_Aim of the exercise:_ Leave out the images; return the rest of the data exactly.

_Collected data:_

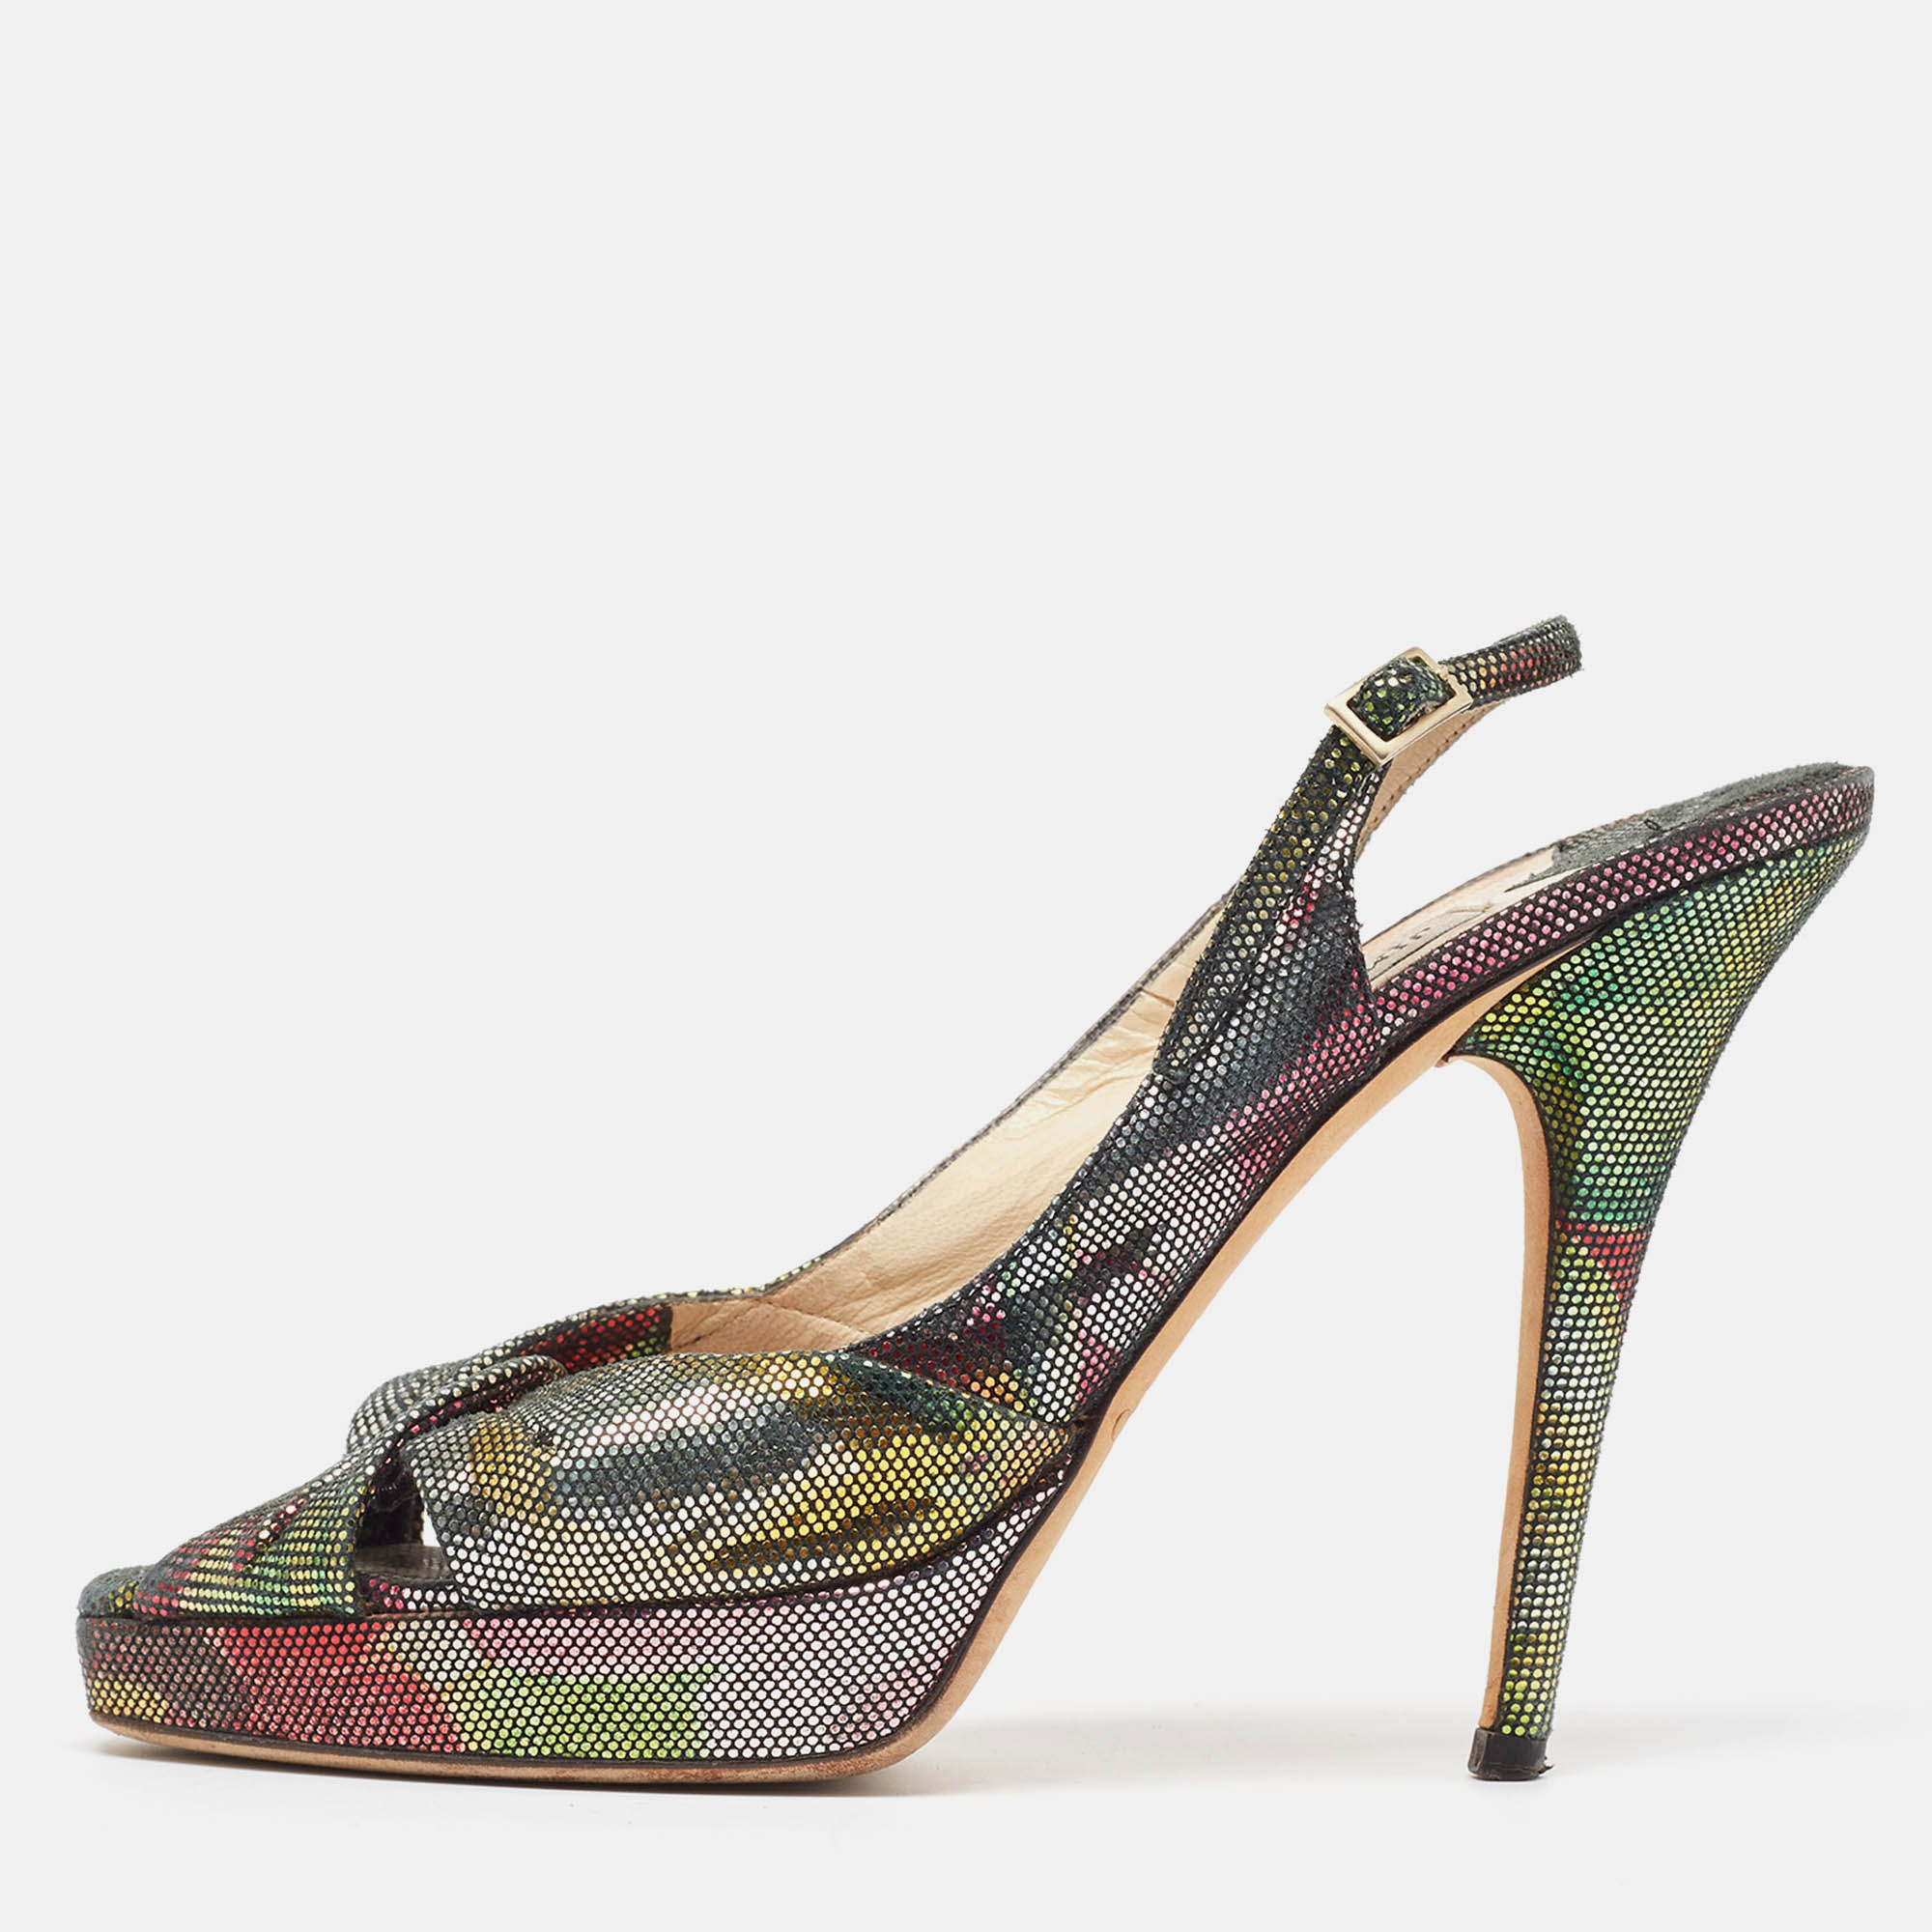 Pre-owned Jimmy Choo Multicolor Texture Suede Peep Toe Slingback Pumps Size 38
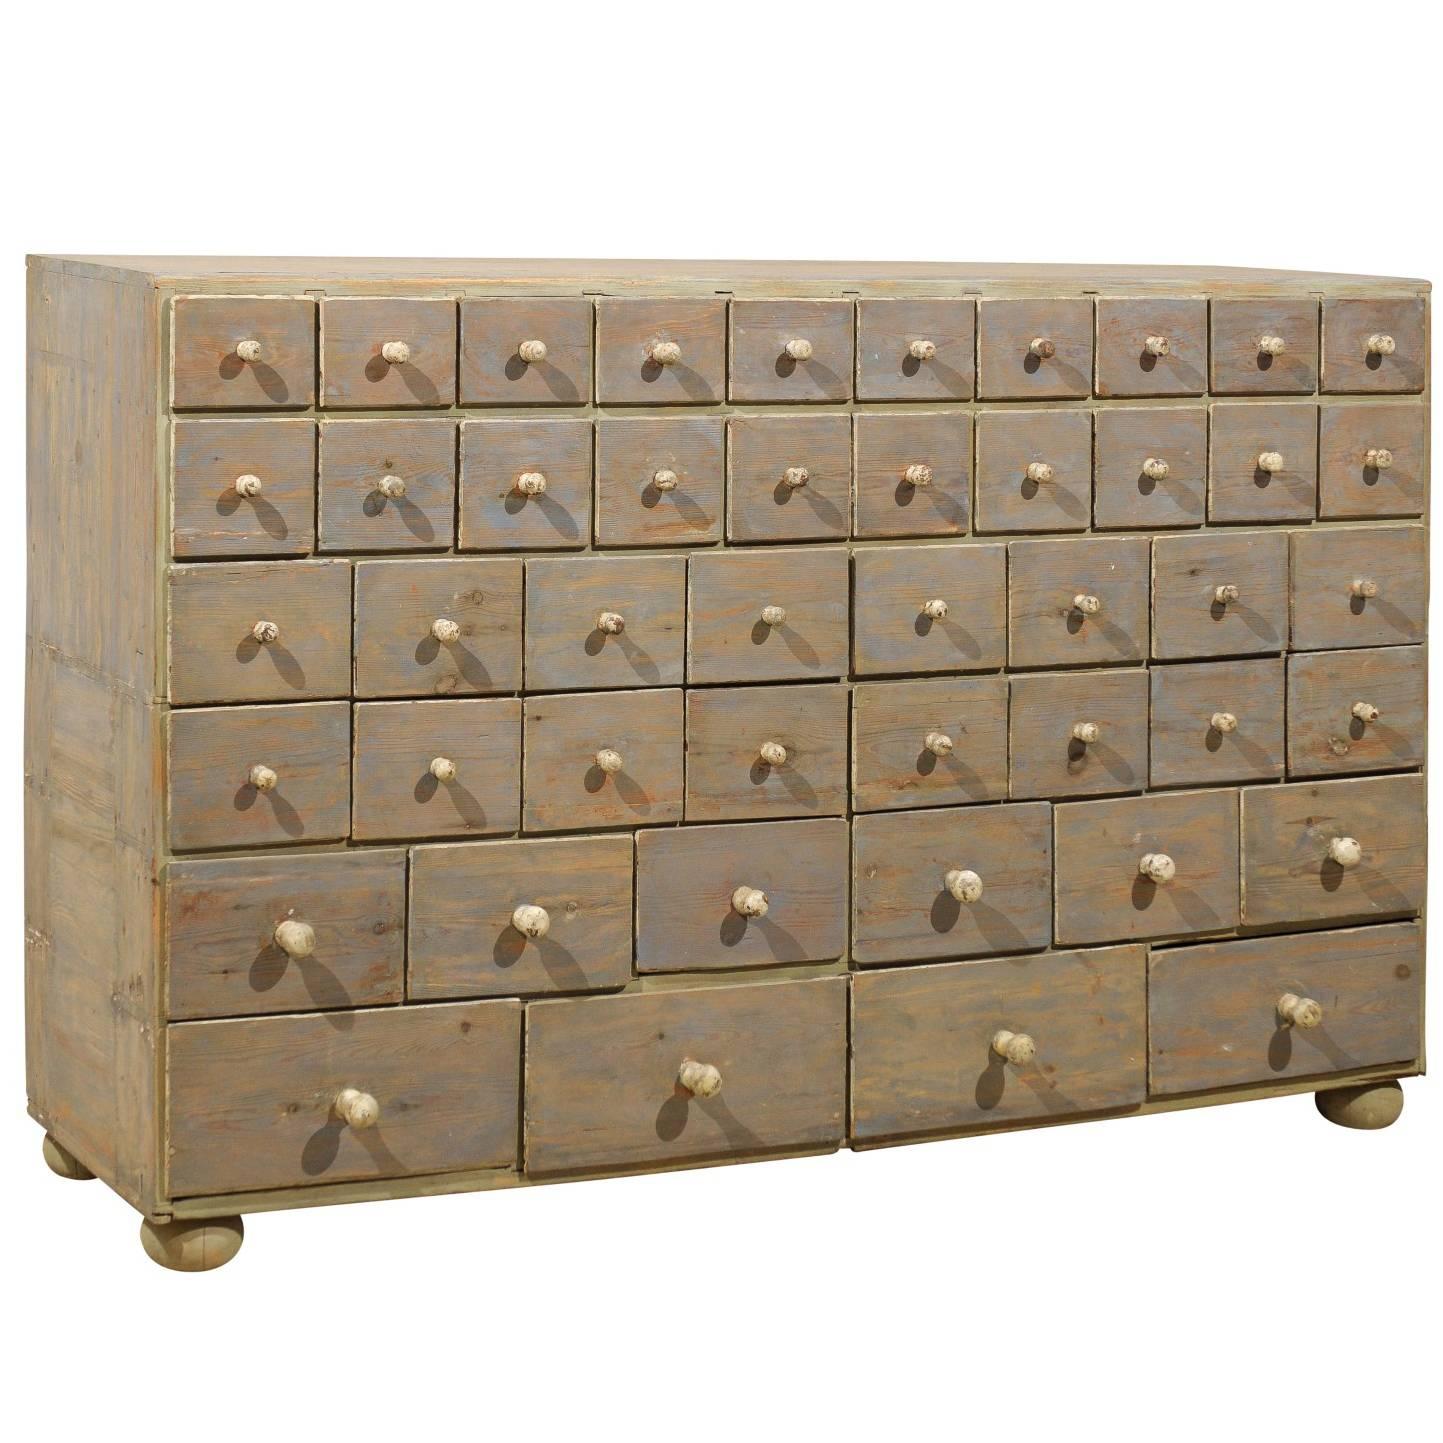 Swedish Apothecary Chest from the 19th Century
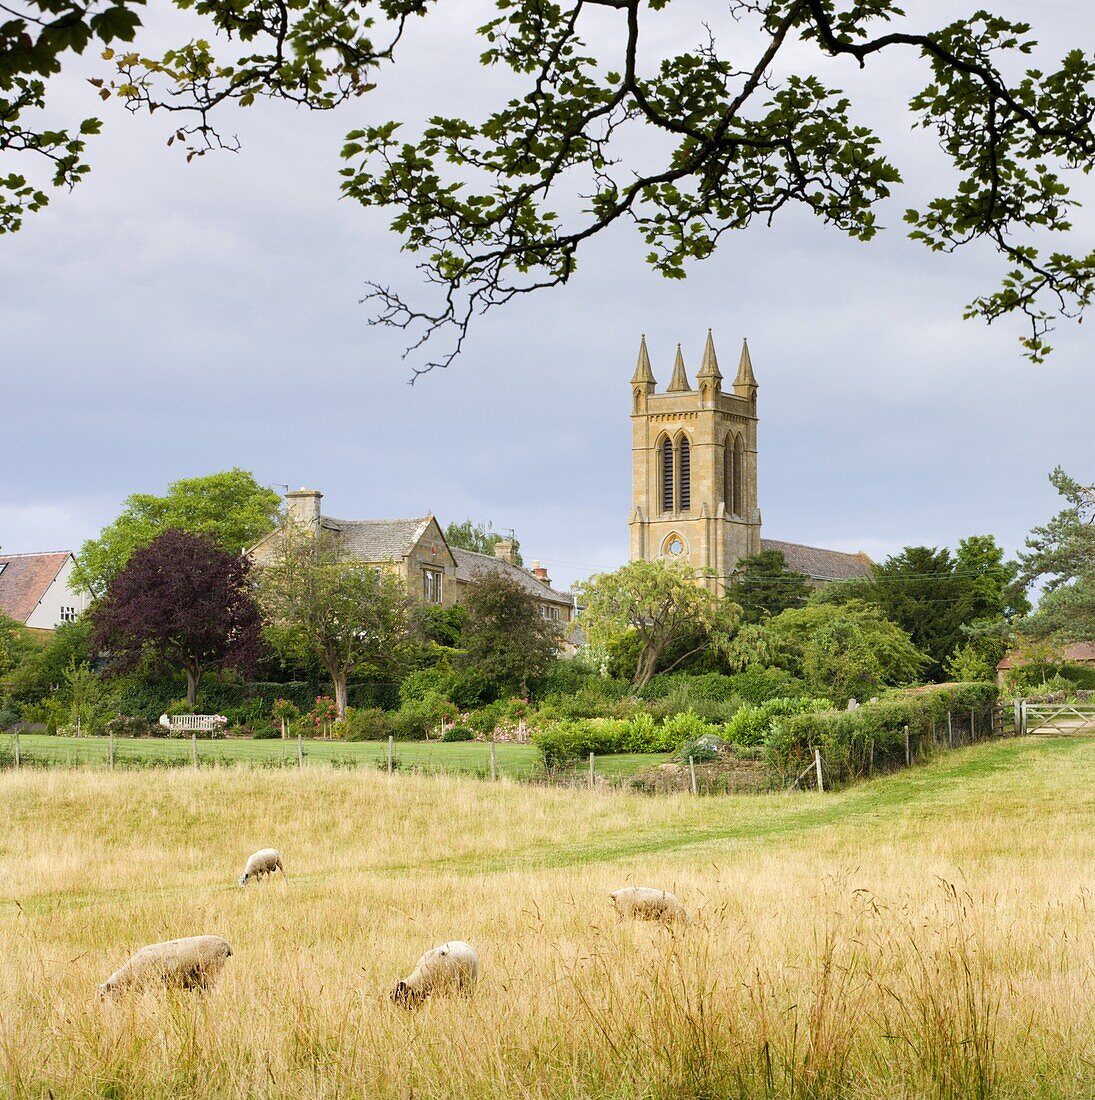 Rural field with views to St. Michaels Church in the Cotswolds village of Broadway, Worcestershire, England, United Kingdom, Europe
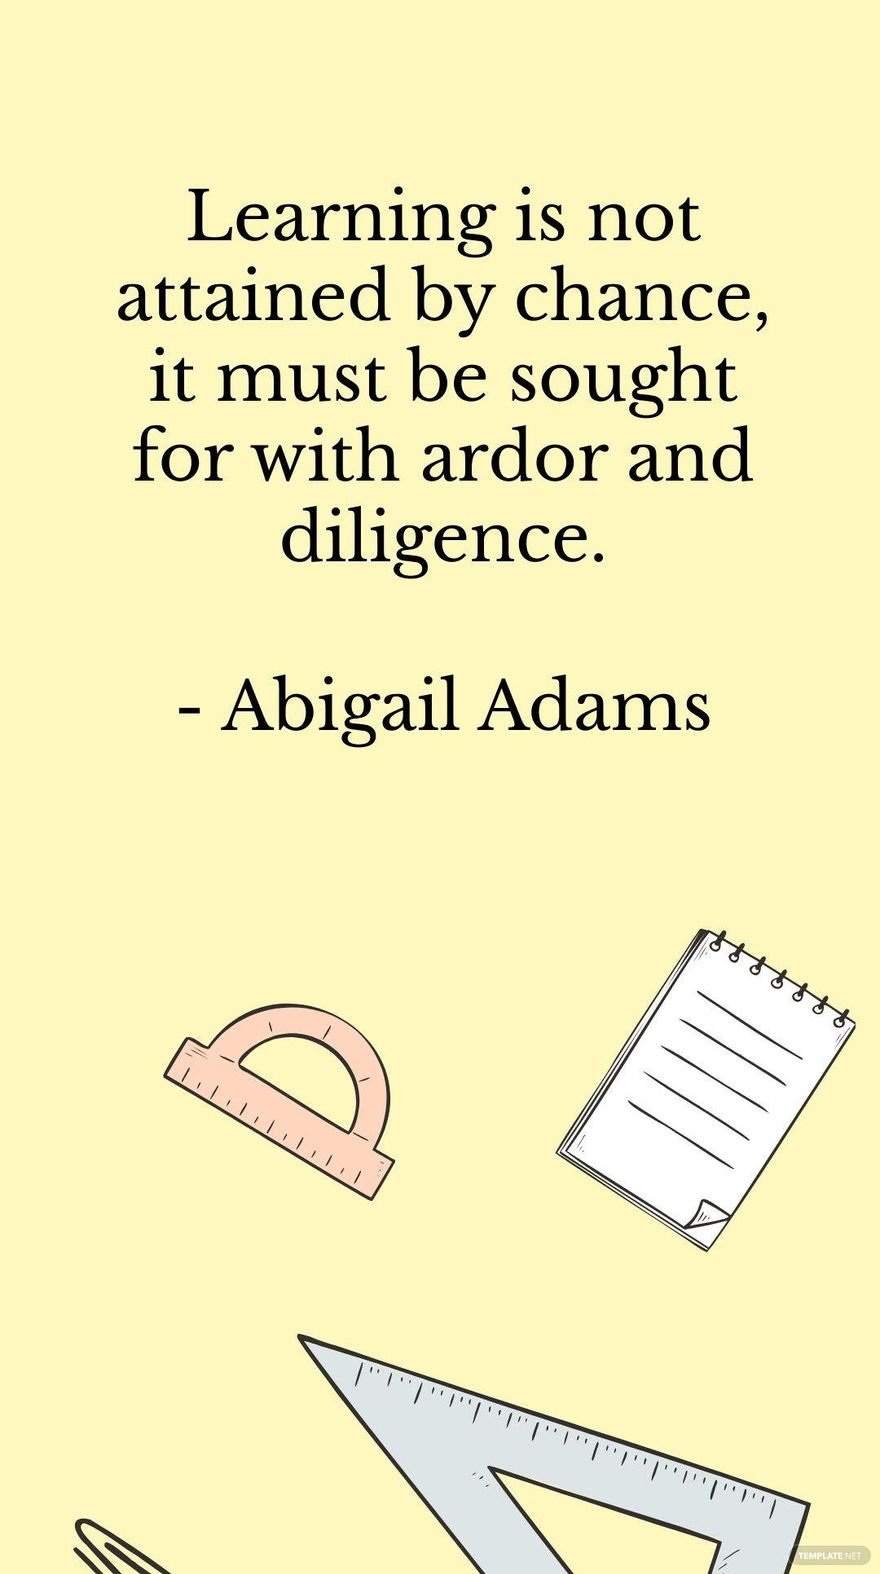 Abigail Adams - Learning is not attained by chance, it must be sought for with ardor and diligence. in JPG

_Finished exercise:_
 Pre-owned Jimmy Choo Multicolor Texture Suede Peep Toe Slingback Pumps Size 38
 Swedish Apothecary Chest from the 19th Century
 Rural field with views to St. Michaels Church in the Cotswolds village of Broadway, Worcestershire, England, United Kingdom, Europe
 Abigail Adams - Learning is not attained by chance, it must be sought for with ardor and diligence. in JPG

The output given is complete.